Amnesty Accuses Israel of Judicial Bullying

Two female Palestinian activists have gone on trial in an Israeli military court over their involvement in weekly demonstrations against an Israeli settlement in the occupied West Bank.

Rights groups and activists said on Tuesday that the prosecution of Nariman Tamimi and Rana Hamadeh coincided with a rise in Israeli arrests of Palestinian protest organizers in recent weeks.

The decision to put the two women on trial was unusual because charges against them focused on their entry to a “closed military zone” during a protest in the village of Nabi Saleh on June 28, an offense that rarely leads to prosecution in court. It is also rare for Israel to prosecute Palestinian women protesters.

Amnesty International issued a written statement earlier that urged Israeli authorities to stop the “judicial bullying” of Palestinian activists.

“They have been denied the basic human right to peacefully protest over land illegally seized by Israeli settlers, and the Israeli judiciary has used spurious legal tools to punish them,” the UK-based human rights watchdog said of the women.

Human Rights Violations

Philip Luther, Amnesty International’s Middle East and North Africa Program director, said in a written statement after the arrests that there had been an unrelenting campaign of harassment, “the latest in a litany of human rights violations against Nariman Tamimi, her family, and her fellow villagers”.
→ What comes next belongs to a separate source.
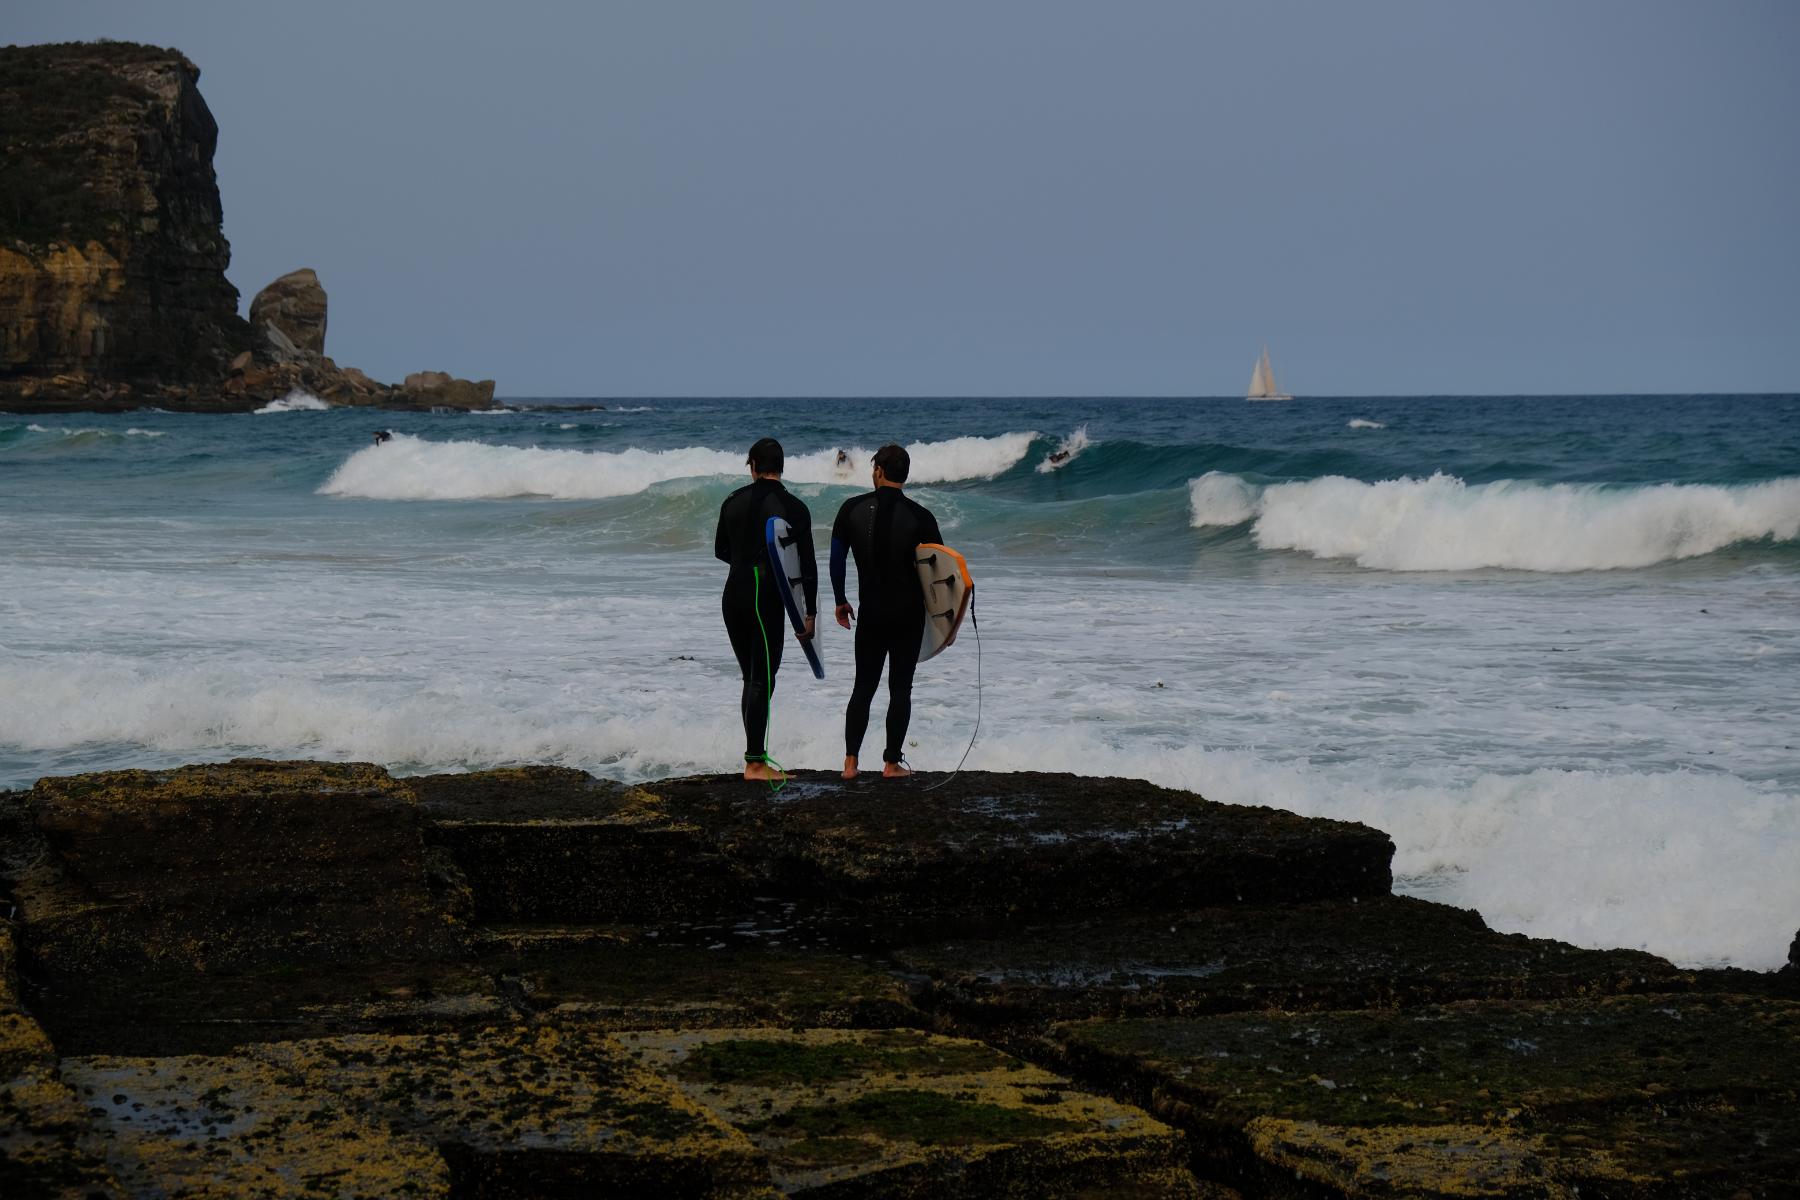 Zwei noch etwas unerfahrene Surfer suchen eine Stelle, um zu den Wellen zu gelangen

“These arbitrary restrictions should be lifted immediately and the charges should be dropped,” Luther said.

Villagers began organizing protests every Friday after Israelis from the Halamish settlement took control of a spring between the two communities in 2009, which they say deprived them of a source of irrigation.

The protests typically involve flag-waving and stone-throwing by the Palestinian side, which is met by tear gas, rubber bullets and even live ammunition by the army.
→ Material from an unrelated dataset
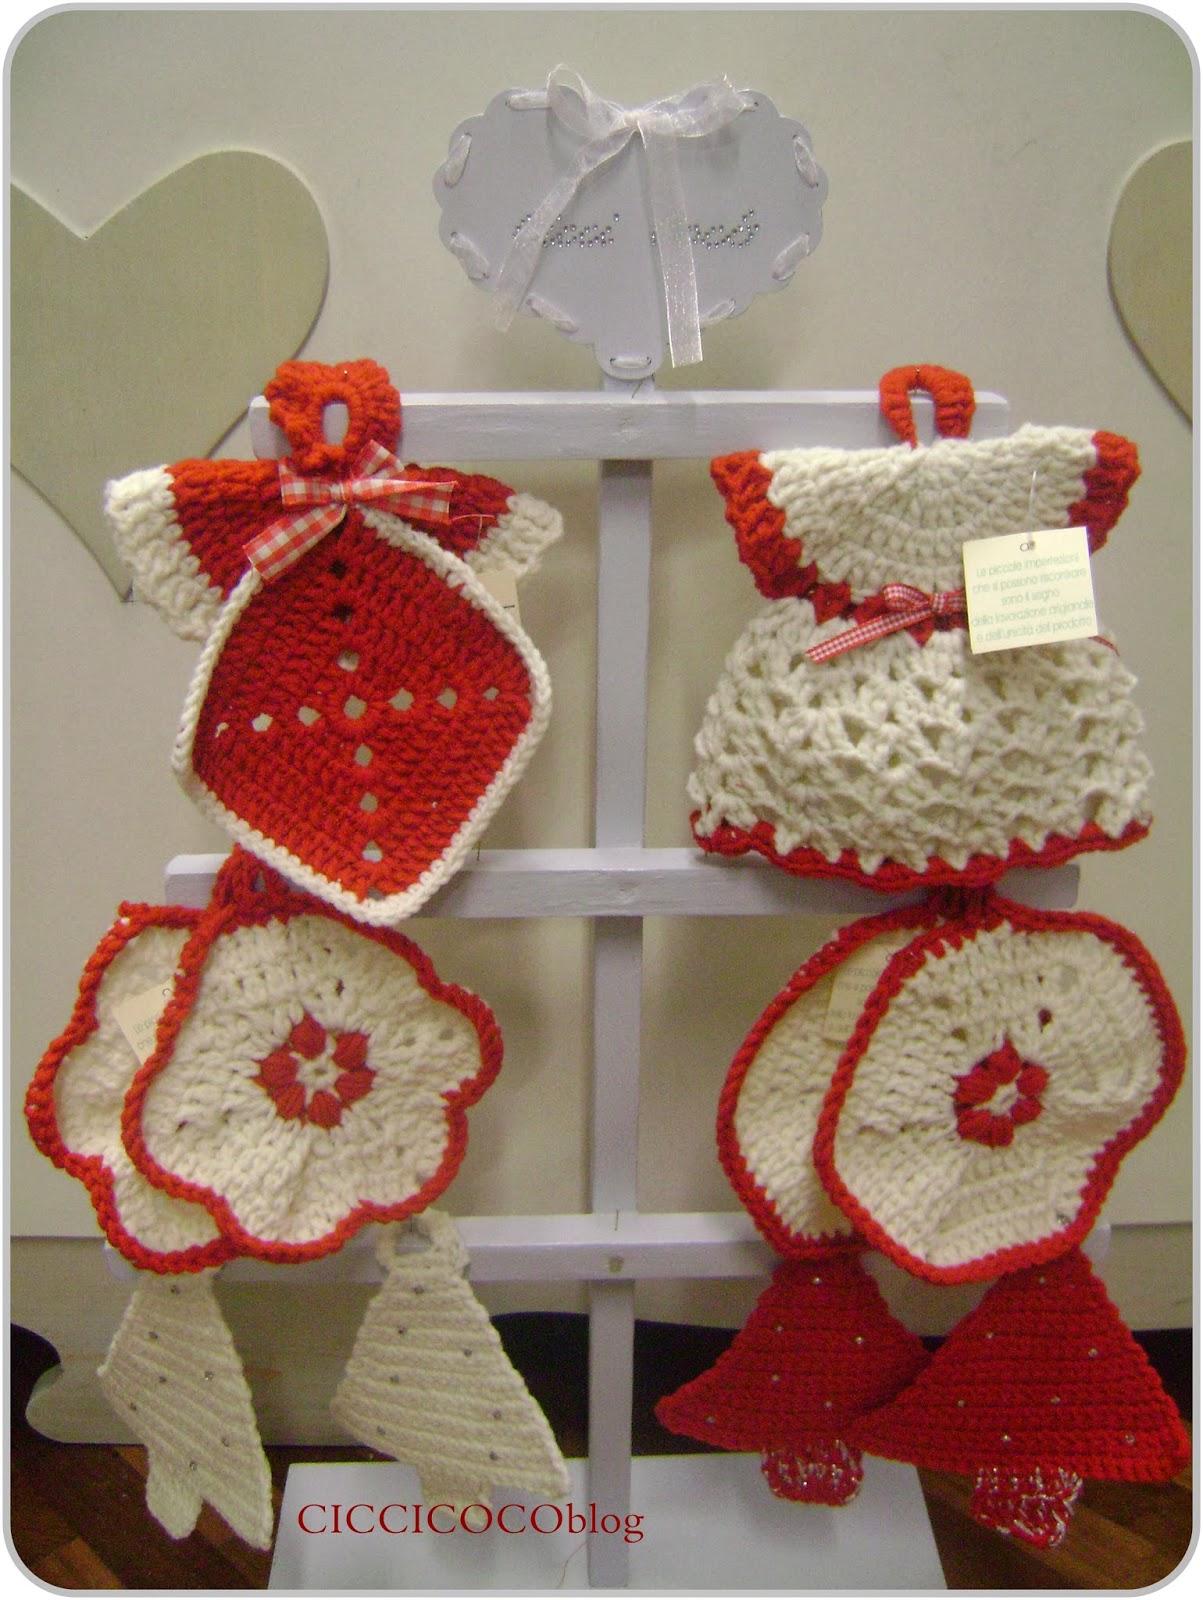 Ciccicocoblog idee regalo per natale presine uncinetto for Idee per regali di natale

Two Palestinians have been shot dead by soldiers since the protests began, including Nariman’s brother Rushdi, in November.

Closed Military Zone

The Israeli army restricted access to the village during the confrontations and declared it a “closed military zone”.

Israeli military spokesman Lieutenant Colonel Peter Lerner said the women had “participated in an unlawful disruption of the public order, ignored specific instructions of law enforcement officers and therefore were detained”.
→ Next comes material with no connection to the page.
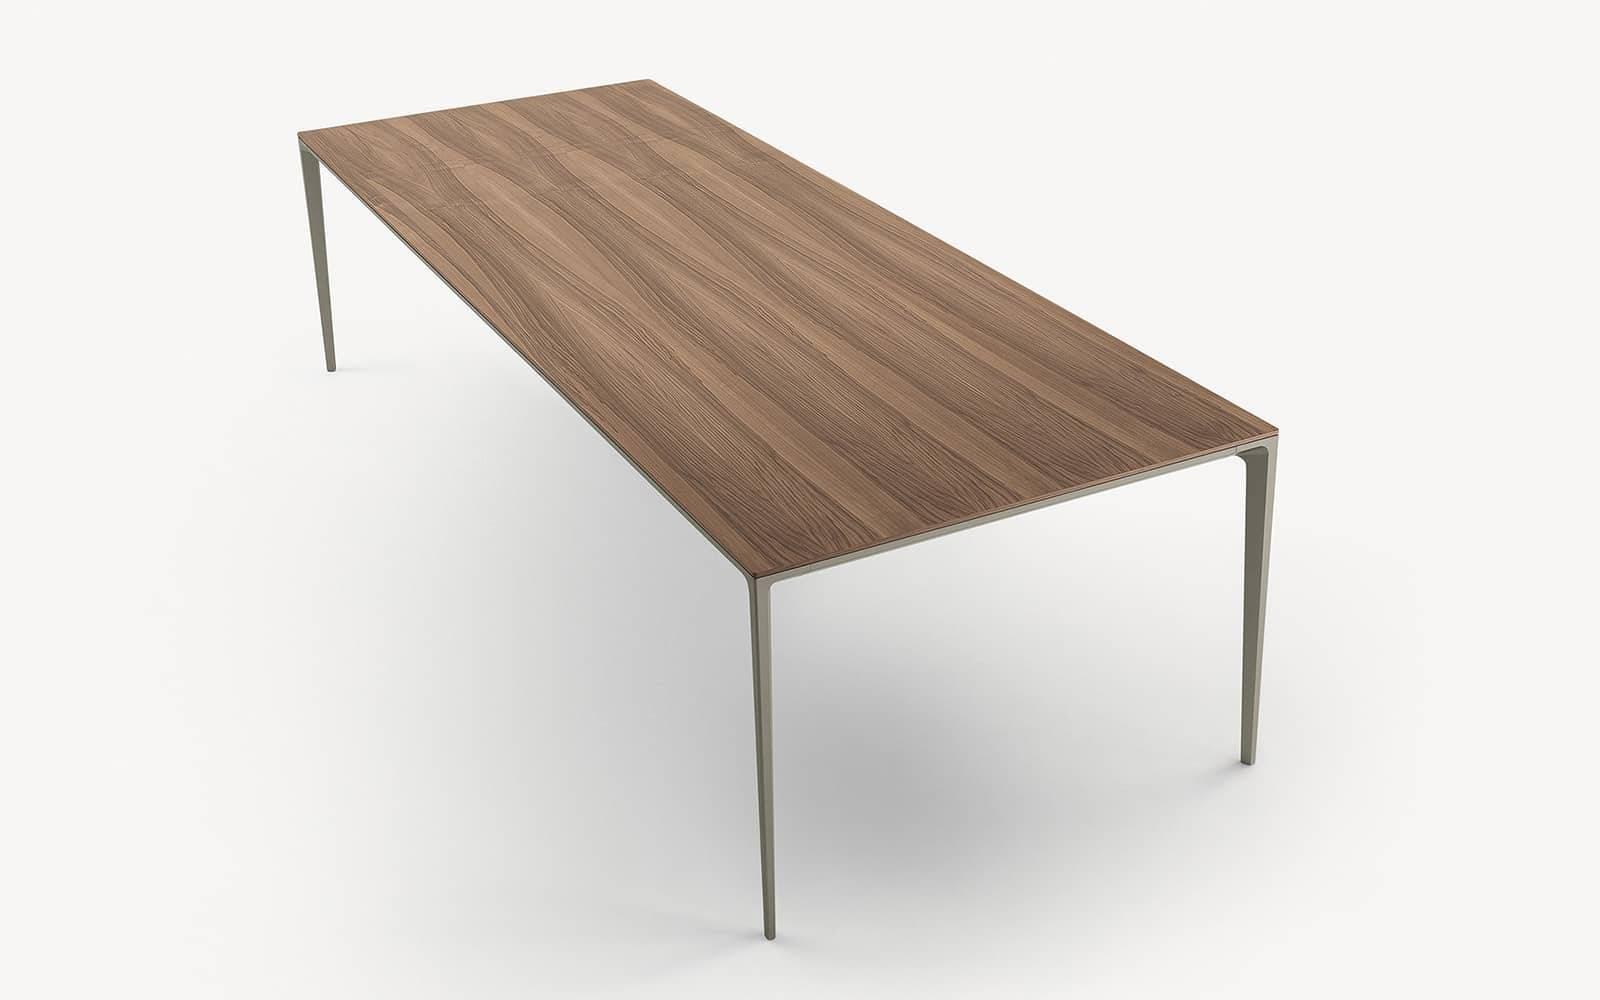 rechthoekige tafel in houtfineer met aluminium poten rimadesio long island italiaans design

Lerner said the military had taken necessary action to restore security after the violence resulting from the protest threatened the safety of civilians on a nearby road.

Sarit Michaeli of the Israeli human rights group B’Tselem said that the trial was expected to last months and it was part of the Israeli policies which “make it virtually impossible for Palestinians to legally demonstrate”.

The two defendants are free on bail while the trial continues but Tamimi has been ordered to stay at home every Friday and Hamadeh may not enter Nabi Saleh on Fridays.

Israel arrested two other prominent activists in the past week in the West Bank villages of Bil’in and Beit Ummar.

The activists had organized protests as part of a strategy dubbed “popular resistance” blessed by the Palestinian President Mahmoud Abbas.

Israel has occupied the West Bank and sown it widely with settlements since capturing it in the 1967 Middle East war along with East Jerusalem and the Gaza Strip, land Palestinians want for a future state.

The United Nations has said that the settlements are illegal.

Ban Ki-moon, the UN secretary-general, has termed Israeli plans to press ahead with the construction of more than 1,000 homes in two occupied West Bank settlements “a violation of international law”.